▶ [What is needed] Reproduce the listing below as it stands. Leave out each image.

▶ [Raw data]

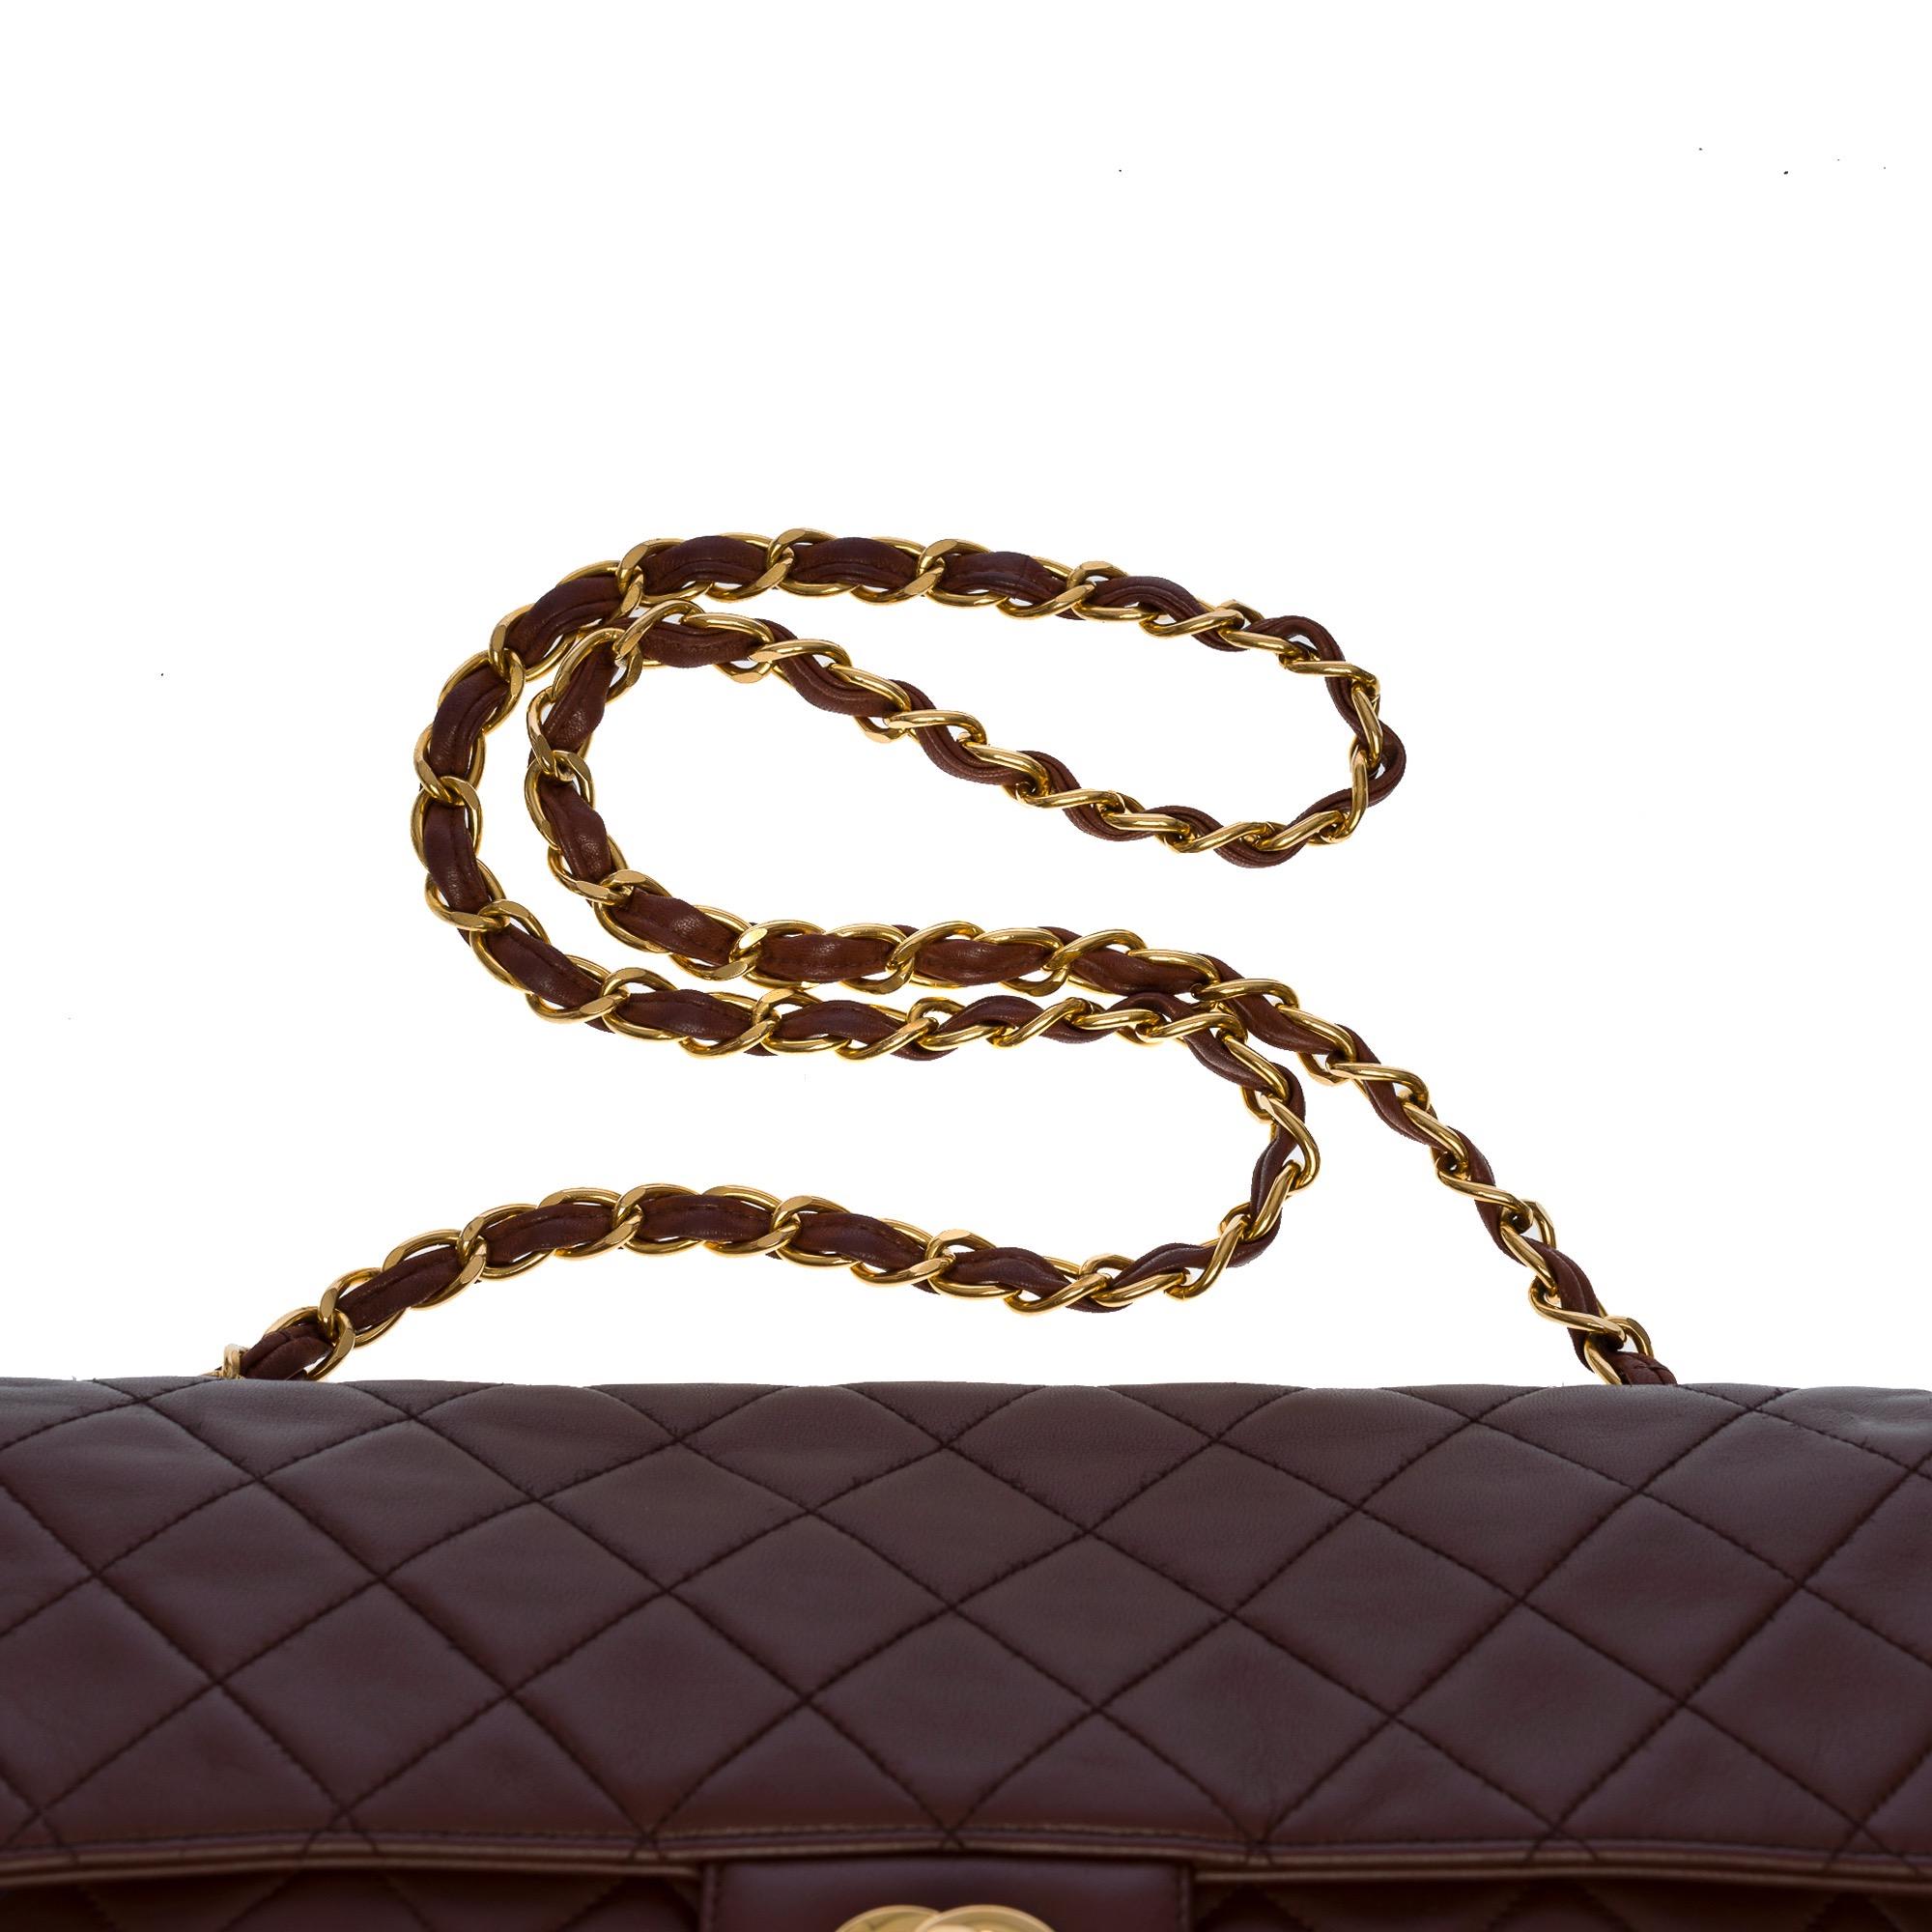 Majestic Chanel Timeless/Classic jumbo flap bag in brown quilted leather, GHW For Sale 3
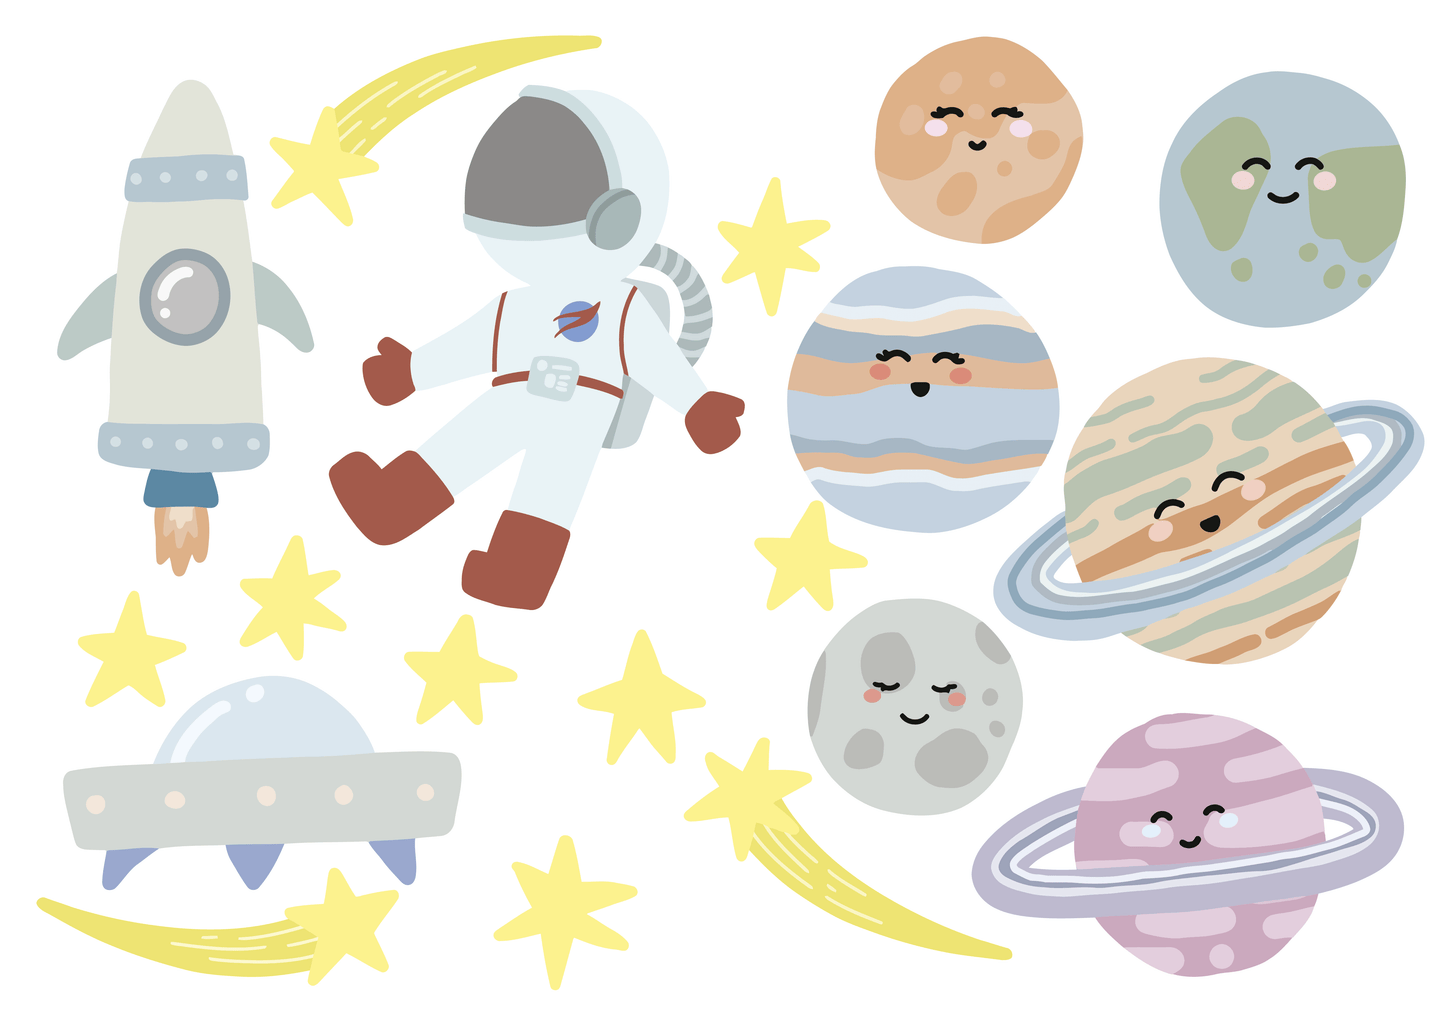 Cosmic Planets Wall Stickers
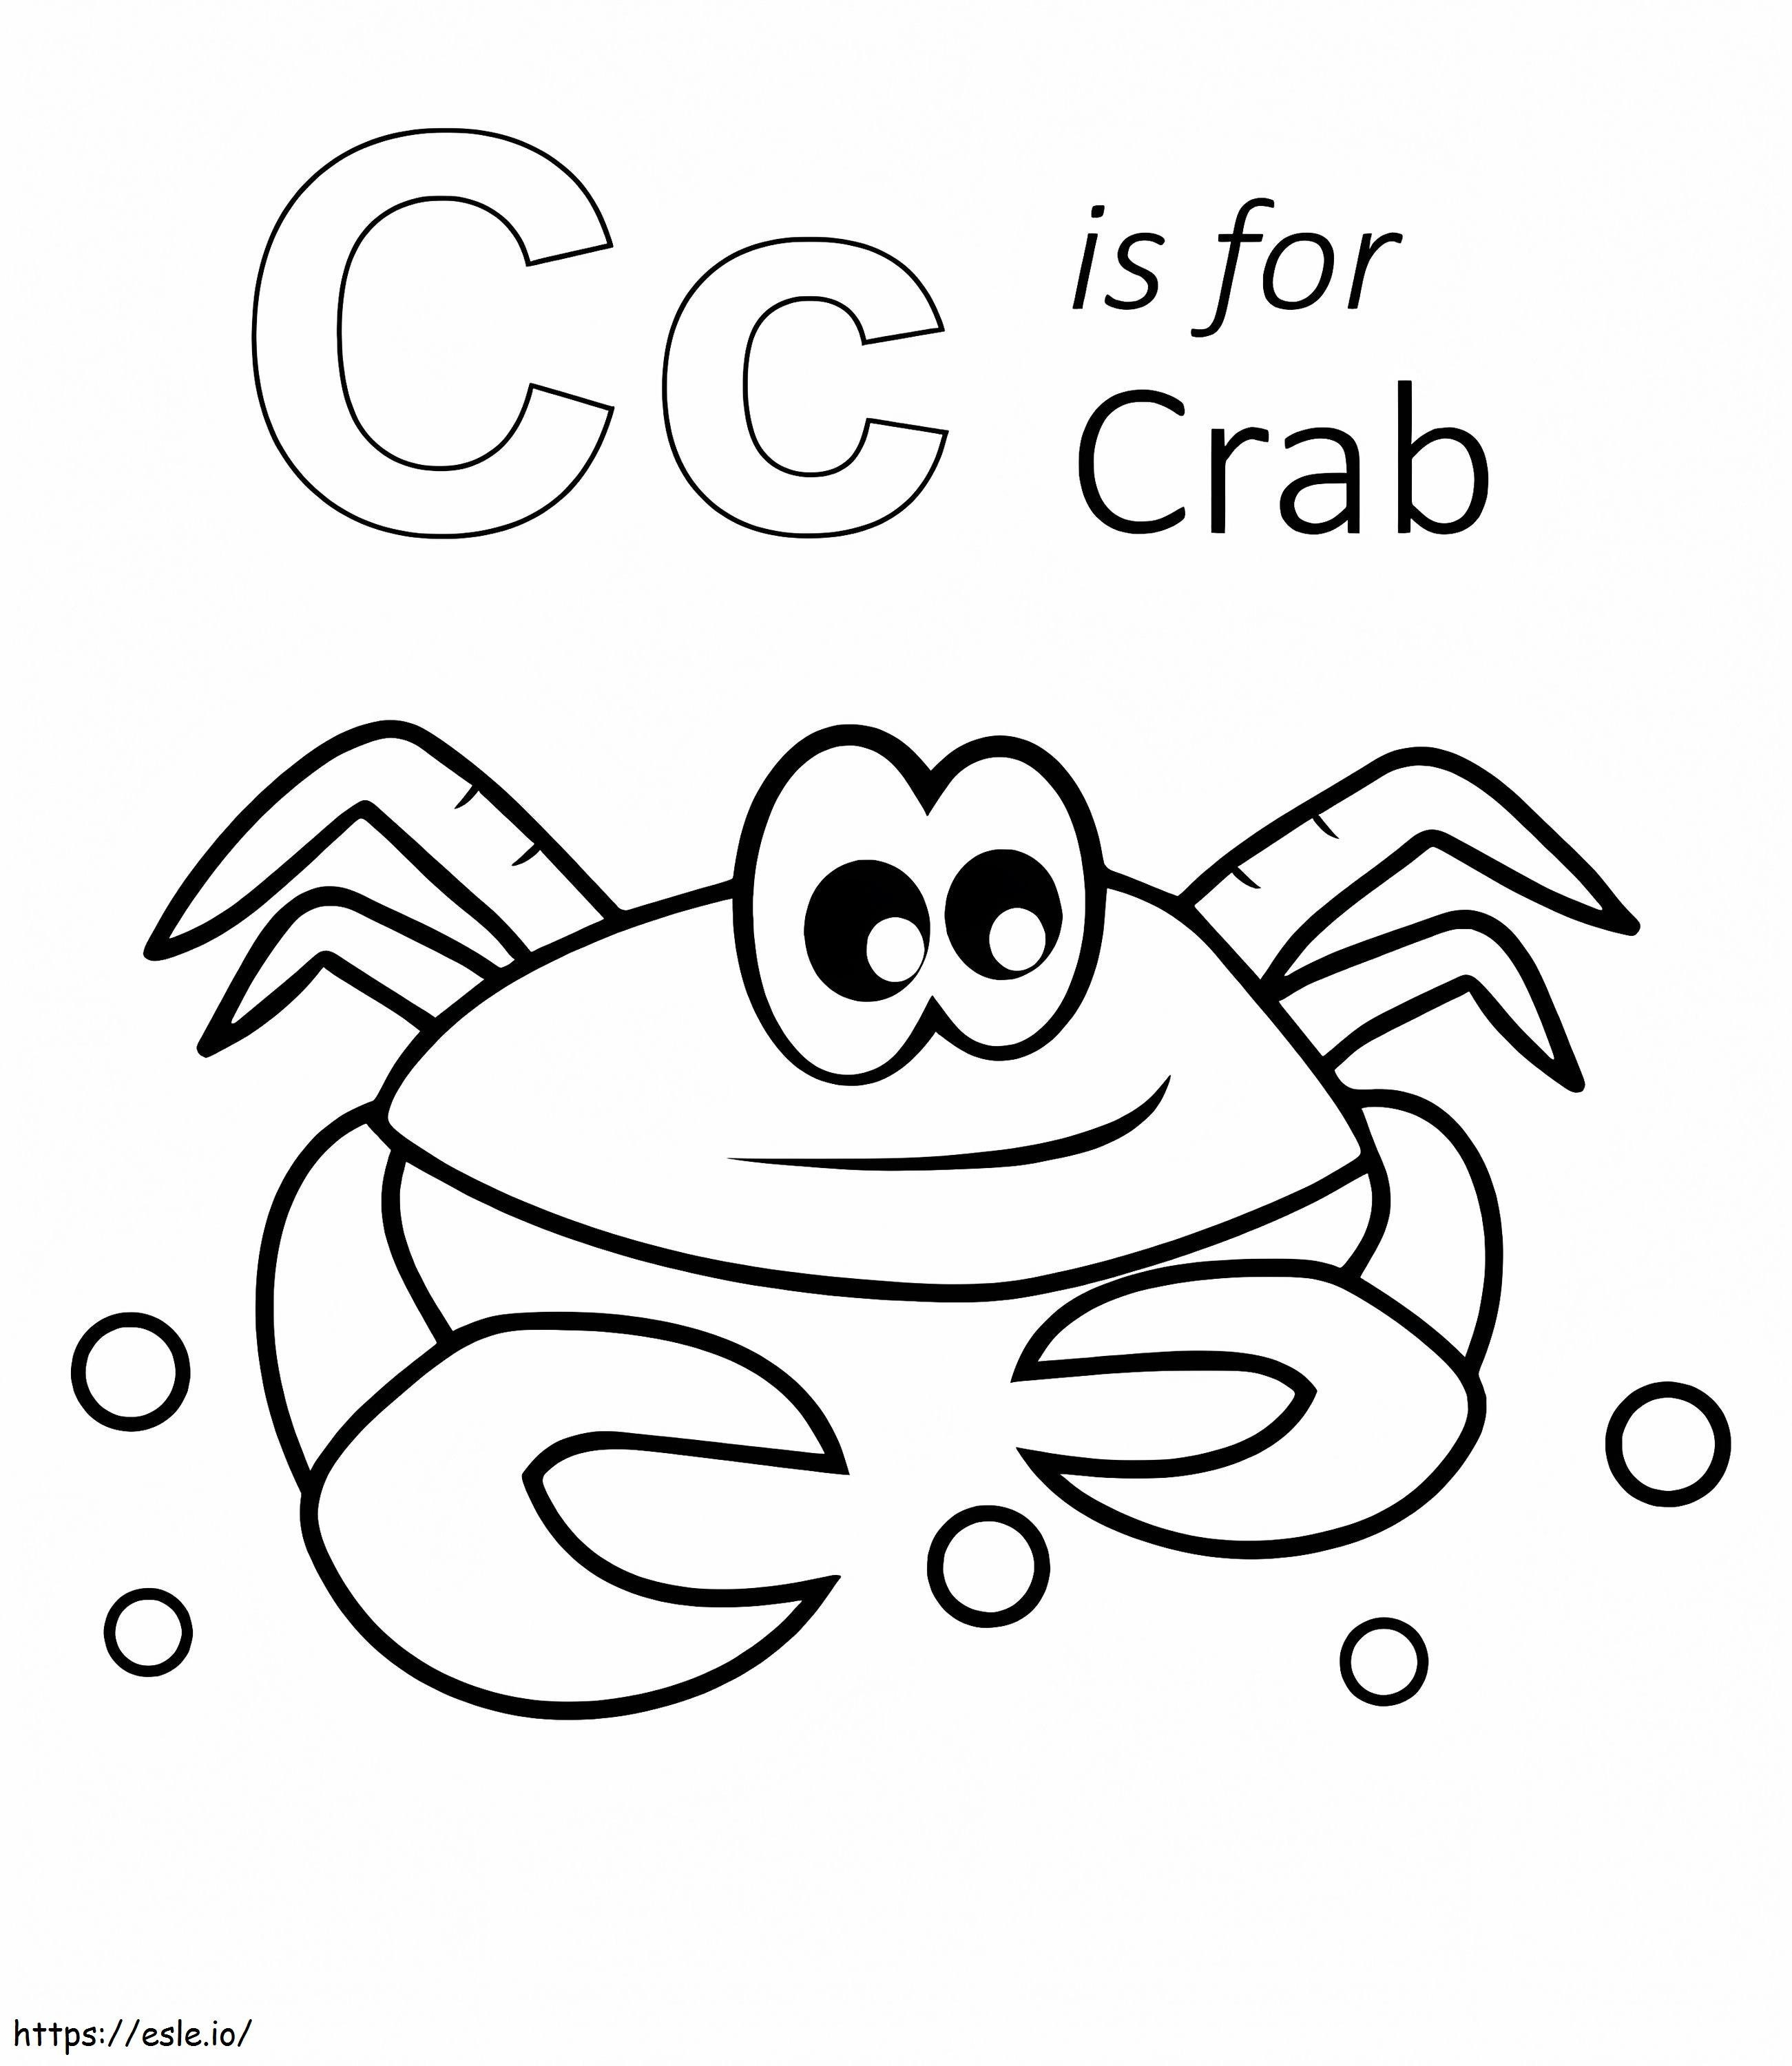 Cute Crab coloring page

▶ [Task solution]
 Majestic Chanel Timeless/Classic jumbo flap bag in brown quilted leather, GHW For Sale 3
 Cosmic Planets Wall Stickers
 Cute Crab coloring page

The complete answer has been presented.